Showing posts with label waitrose. Show all posts
Showing posts with label waitrose. Show all posts

Wednesday, March 14, 2012

John Lewis Partnership – Where is the Controversy?

The John Lewis Partnership is a business that does not seem to attract a bad word from anywhere.

Everyone from the shop staff to the chairman of the company plus the millions of satisfied customers, all are unanimous in their support of John Lewis.

It is unusual to find such blanket approval of anything but John Lewis is not a short-lived phenomenon, or an ordinary company.

The John Lewis chain includes all Waitrose supermarkets, the John Lewis department stores and various other services.

They provide good quality merchandise and produce, and the chain appeals to a largely middle class and upper class clientèle.

However, John Lewis is more than just a good quality store, like Harrods or Selfridges. The secret to the Company’s success lies in its organisation.

This was laid down back in 1929 by John Speden Lewis who established the unique profit sharing ethos, after taking over the company established by his father John Lewis in 1864 from a draper’s shop in Oxford Street.

John Speden Lewis believed that the profits from a business should be shared with the workers who had produced them.
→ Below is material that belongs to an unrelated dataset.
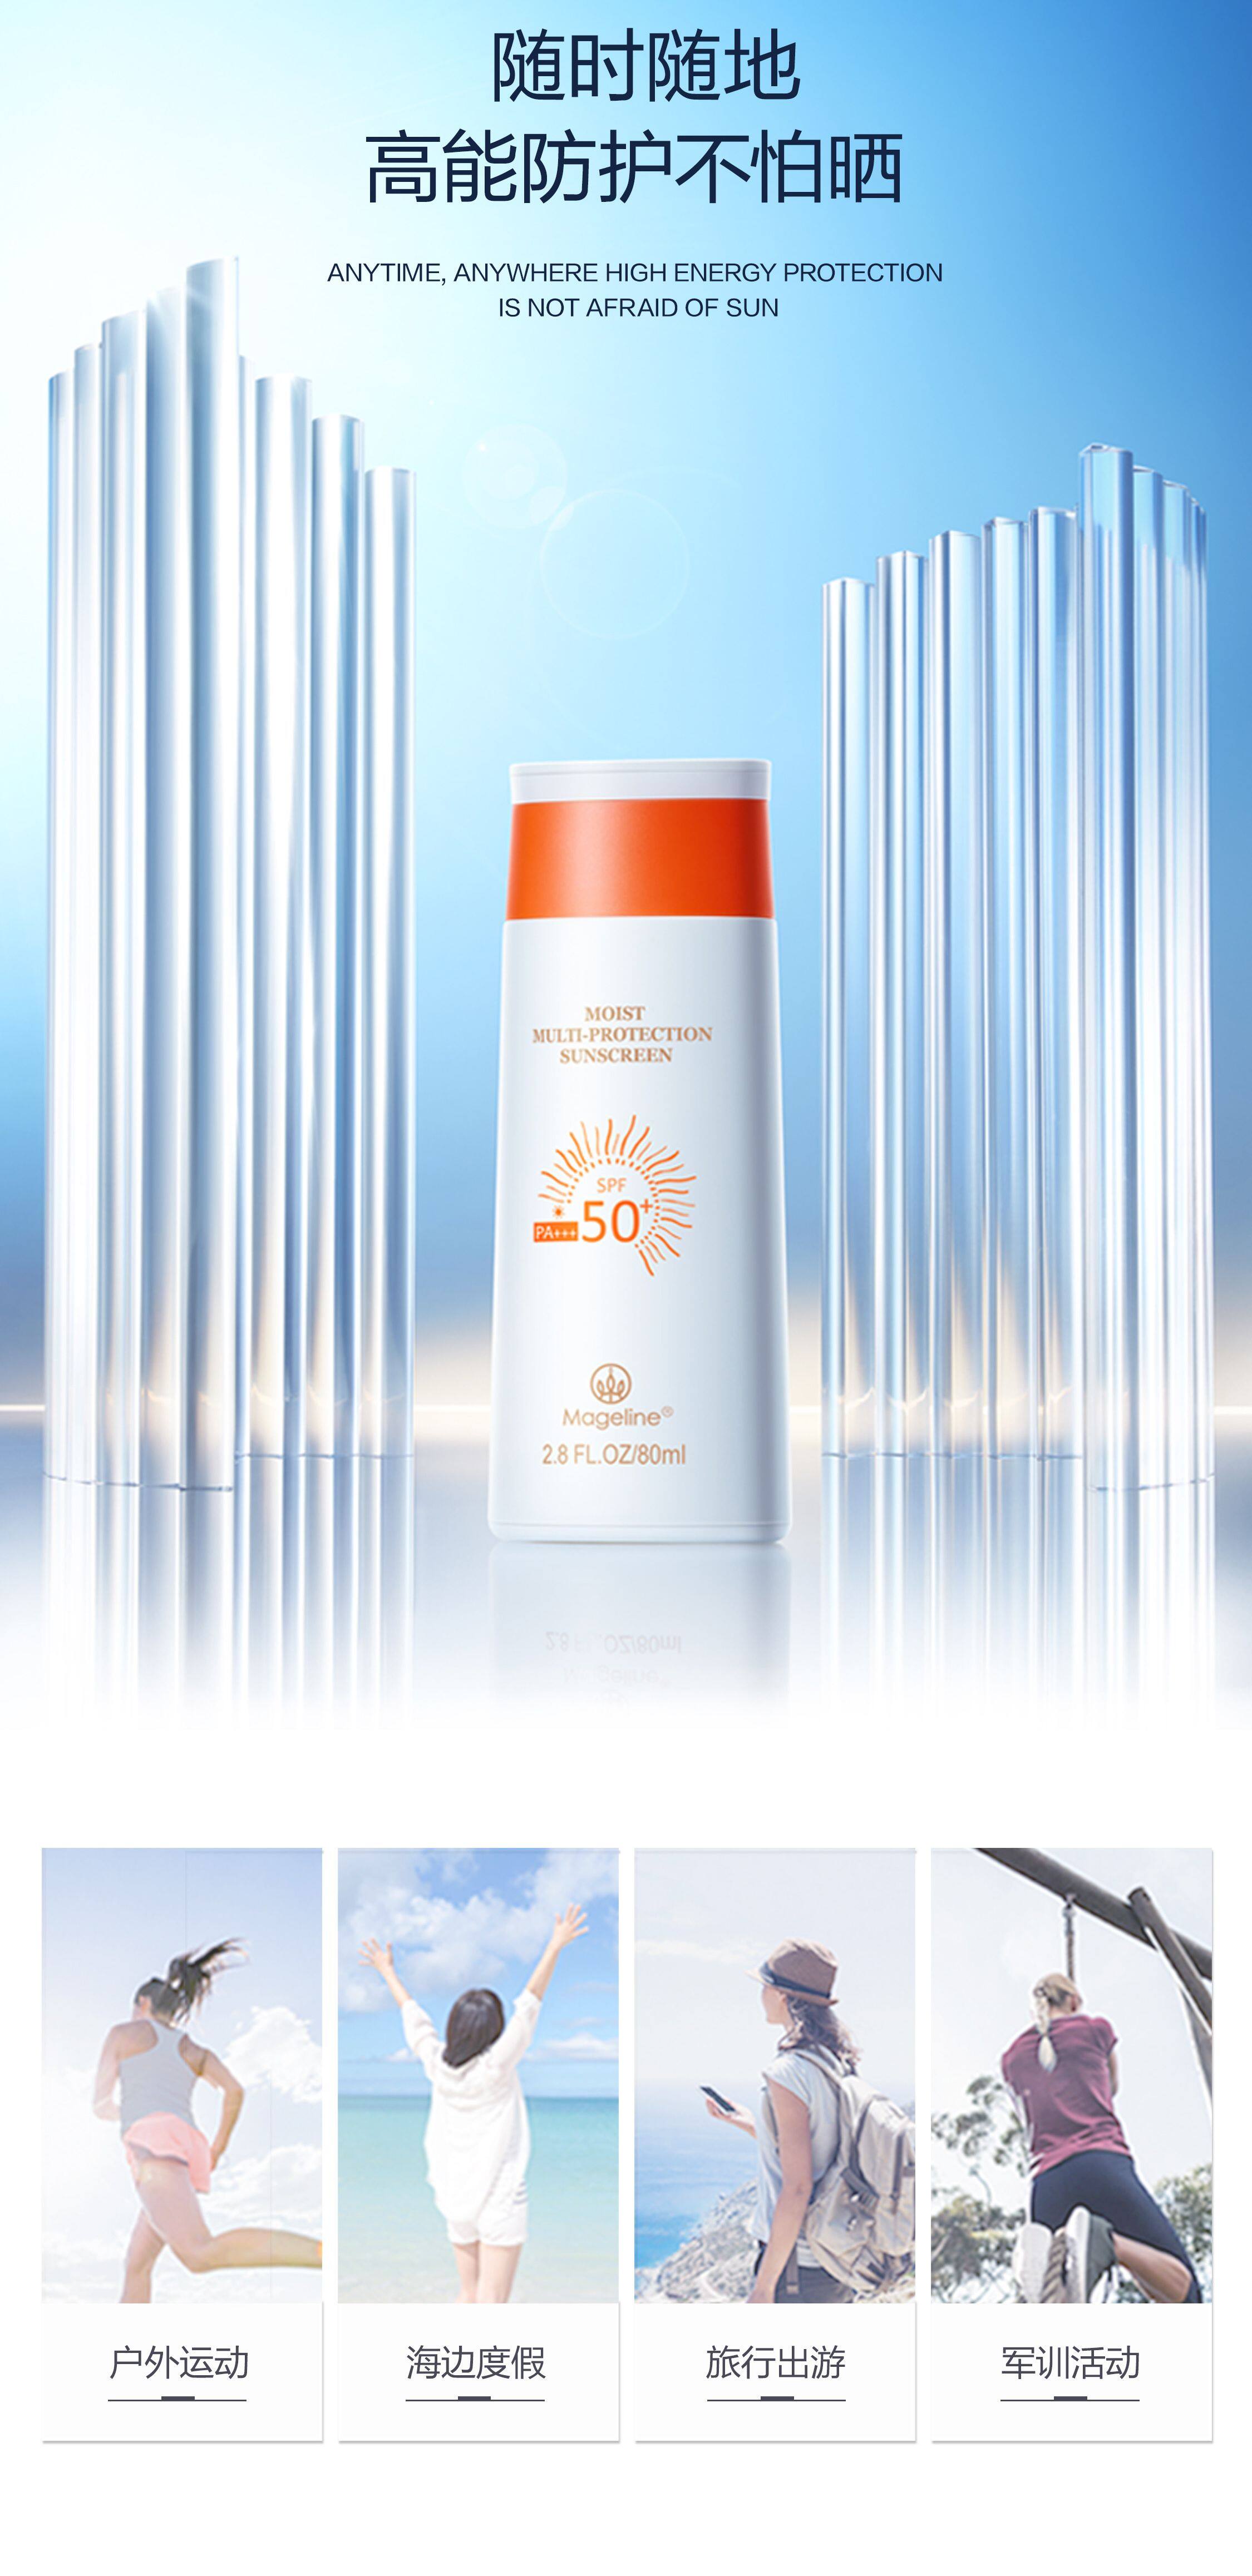 Mageline Moist Multi-Protection Sunscreen SPF50/PA+++

John Speden Lewis had already turned round Peter Jones – an ailing business bought out by his father, with profit sharing and when he took over John Lewis after the death of his father, applied the same principles.

The idea is that everyone has a stake in the business and this means that today all 76,500 permanent staff are partners of the company and share in the profits and benefits. With annual gross sales of over £8.2bn, this provides an annual bonus that typically works out at between 9% - 22% based on salary.

Managing director Andy Street has said that the "crucial thing" about the bonus is that is set at same percentage for every single partner." Also, "It is totally driven by the results of the organisation", adding, "everyone has put the bonus pot together and collectively they are sharing in it."



On the shop floor, the annual announcement of the bonus figure creates an electric atmosphere.
All the partners have plans riding on the bonus which in 2011 was 18% or the equivalent of 8 weeks wages.

The 2012 has yet to be announced but is predicted to be slightly lower following a difficult economic year.

The company’s slogan "Never knowingly undersold "ensures that if you find exactly the same item on sale for cheaper elsewhere then the company will refund the difference.

Recently the company have had to change this to exclude internet-shopping outlets and have included 2 - year warranties as standard on all appliances to beat equivalents offered in rival shops that generally only extend a free warranty for a year.

A couple of customers have questioned this policy but in 80 years of history, this is as close to a criticism of John Lewis as it gets!

In today’s mood of shared responsibility as the government urge people to take more control and the outcry following the bankers’ bonuses, the John Lewis model seems to represent a shining example of how things could be.